If he wonders, it is sleep. 
Night, brass stars, the quiet pounding
of traffic somewhere. Imagines how
she might sleep, her hands having
danced all day, talk quietly. Constructs

what meaning feels,
tries to find where she might, how to right a frayed knot.
THE HOUSE SLEEPS

Night lightens its embrace of windows as first light 
tinsels the last stars. Her dark hair, free
to her shoulders, pauses. The house exhales 
and is gentle at her. He sleeps, rumpled and dream
sodden. Wanting what the other knows.

The light is always burned out even 
by morning. What he would and what he can duel
over his coffee.
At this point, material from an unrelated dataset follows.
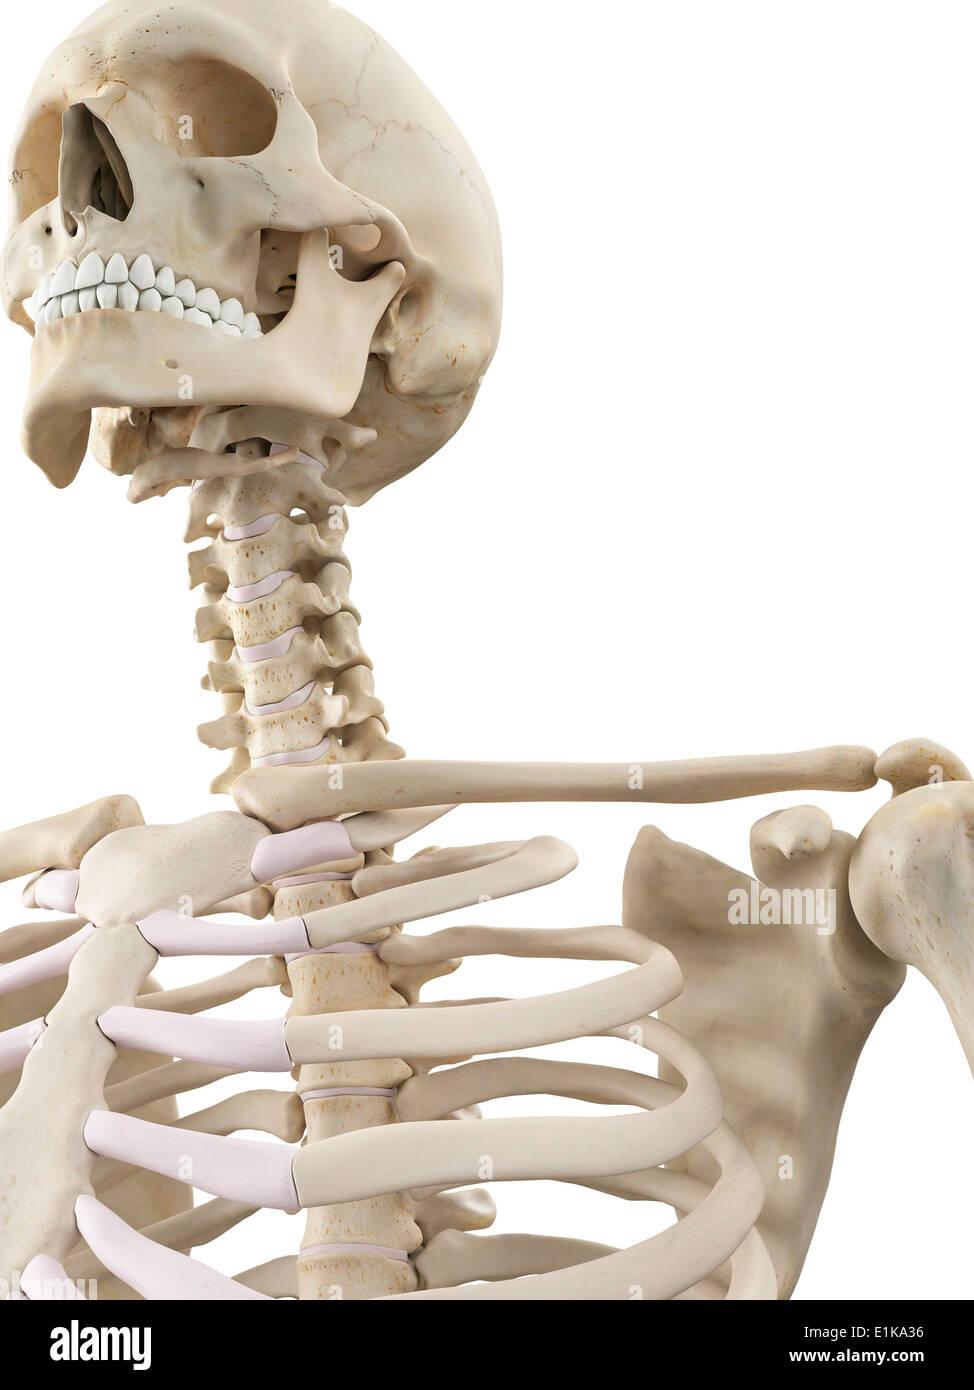 Großzügig Interaktive Menschliche Körpersysteme Fotos - Menschliche ...

He remembers her brevity against
him, the wind unable to swim between them, 
knowing whatever might happen already had. 

I was born in Chicago, and grew up in Ohio, Michigan, Connecticut, North Carolina and New Hampshire. I graduated from University of North Carolina in Charlotte with a B.A. in English and after completing my MFA in Writing at Vermont College of Fine Arts, moved to Massachusetts, and became very involved in the Boston area poetry community. Books: Making Up The World (Editions Dedicaces, 2018), God Box (Clare Songbird Publishing, 2019), A Name for Everything (Cervena Barva Press, 2020), Lowercase God (forthcoming, Unsolicited Press, 2022). Chapbooks: The Memory of Stars, (Sticks Press, 1995, I Was I, Drowning Knee Deep, an online chapbook, (Sticks Press, 2007), Memoir as Conversation (Unsolicited Press, 2019), A Library of Things (Origami Poetry Project, 2020), Small Poems (Origami Poetry Project, 2021)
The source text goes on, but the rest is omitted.